§ **Raw data**
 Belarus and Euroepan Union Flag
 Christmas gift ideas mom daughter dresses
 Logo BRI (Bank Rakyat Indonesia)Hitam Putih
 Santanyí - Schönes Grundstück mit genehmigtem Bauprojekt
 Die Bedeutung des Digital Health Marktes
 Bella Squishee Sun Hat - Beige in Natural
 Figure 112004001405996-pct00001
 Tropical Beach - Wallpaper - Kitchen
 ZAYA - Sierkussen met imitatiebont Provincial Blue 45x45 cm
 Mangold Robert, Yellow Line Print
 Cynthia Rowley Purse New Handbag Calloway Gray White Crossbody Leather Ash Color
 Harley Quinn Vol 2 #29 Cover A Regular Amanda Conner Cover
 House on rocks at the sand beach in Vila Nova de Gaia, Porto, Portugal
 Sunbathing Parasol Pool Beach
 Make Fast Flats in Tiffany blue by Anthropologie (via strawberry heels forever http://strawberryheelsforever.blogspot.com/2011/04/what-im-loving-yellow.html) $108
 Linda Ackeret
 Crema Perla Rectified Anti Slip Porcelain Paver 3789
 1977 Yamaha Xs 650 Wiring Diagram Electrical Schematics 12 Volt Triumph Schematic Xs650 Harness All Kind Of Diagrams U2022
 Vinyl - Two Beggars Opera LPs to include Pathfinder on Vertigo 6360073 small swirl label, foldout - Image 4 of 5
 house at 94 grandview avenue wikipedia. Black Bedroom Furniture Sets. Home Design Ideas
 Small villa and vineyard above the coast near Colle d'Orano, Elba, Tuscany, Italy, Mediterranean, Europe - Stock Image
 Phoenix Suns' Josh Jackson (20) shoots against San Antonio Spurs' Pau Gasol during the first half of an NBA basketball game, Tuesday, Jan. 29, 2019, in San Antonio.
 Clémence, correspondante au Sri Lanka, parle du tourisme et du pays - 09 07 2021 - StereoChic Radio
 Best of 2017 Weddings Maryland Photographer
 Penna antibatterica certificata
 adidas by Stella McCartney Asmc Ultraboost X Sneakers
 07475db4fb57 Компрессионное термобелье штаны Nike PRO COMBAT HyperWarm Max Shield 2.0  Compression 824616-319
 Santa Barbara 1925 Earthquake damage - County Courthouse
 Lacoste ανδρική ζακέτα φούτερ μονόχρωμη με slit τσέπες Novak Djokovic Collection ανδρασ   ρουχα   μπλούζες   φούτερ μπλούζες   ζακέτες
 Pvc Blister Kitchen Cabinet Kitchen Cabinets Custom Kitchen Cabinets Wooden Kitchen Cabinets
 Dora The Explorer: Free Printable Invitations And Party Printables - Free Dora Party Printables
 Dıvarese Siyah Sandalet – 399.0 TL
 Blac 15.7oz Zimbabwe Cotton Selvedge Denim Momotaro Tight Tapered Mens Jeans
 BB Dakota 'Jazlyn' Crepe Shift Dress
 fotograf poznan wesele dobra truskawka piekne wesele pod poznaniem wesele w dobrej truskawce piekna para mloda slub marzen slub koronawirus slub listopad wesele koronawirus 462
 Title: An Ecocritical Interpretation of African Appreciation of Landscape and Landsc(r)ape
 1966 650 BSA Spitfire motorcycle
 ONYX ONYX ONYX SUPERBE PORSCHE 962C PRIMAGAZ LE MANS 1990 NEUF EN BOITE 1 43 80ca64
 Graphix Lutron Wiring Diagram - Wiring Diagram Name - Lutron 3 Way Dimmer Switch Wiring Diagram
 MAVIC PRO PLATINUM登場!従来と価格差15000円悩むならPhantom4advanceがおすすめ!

§ **Exercise brief**
Looking over the records, find each line with the word "Diagram" and copy it.

§ **Response to this task**
 1977 Yamaha Xs 650 Wiring Diagram Electrical Schematics 12 Volt Triumph Schematic Xs650 Harness All Kind Of Diagrams U2022
 Graphix Lutron Wiring Diagram - Wiring Diagram Name - Lutron 3 Way Dimmer Switch Wiring Diagram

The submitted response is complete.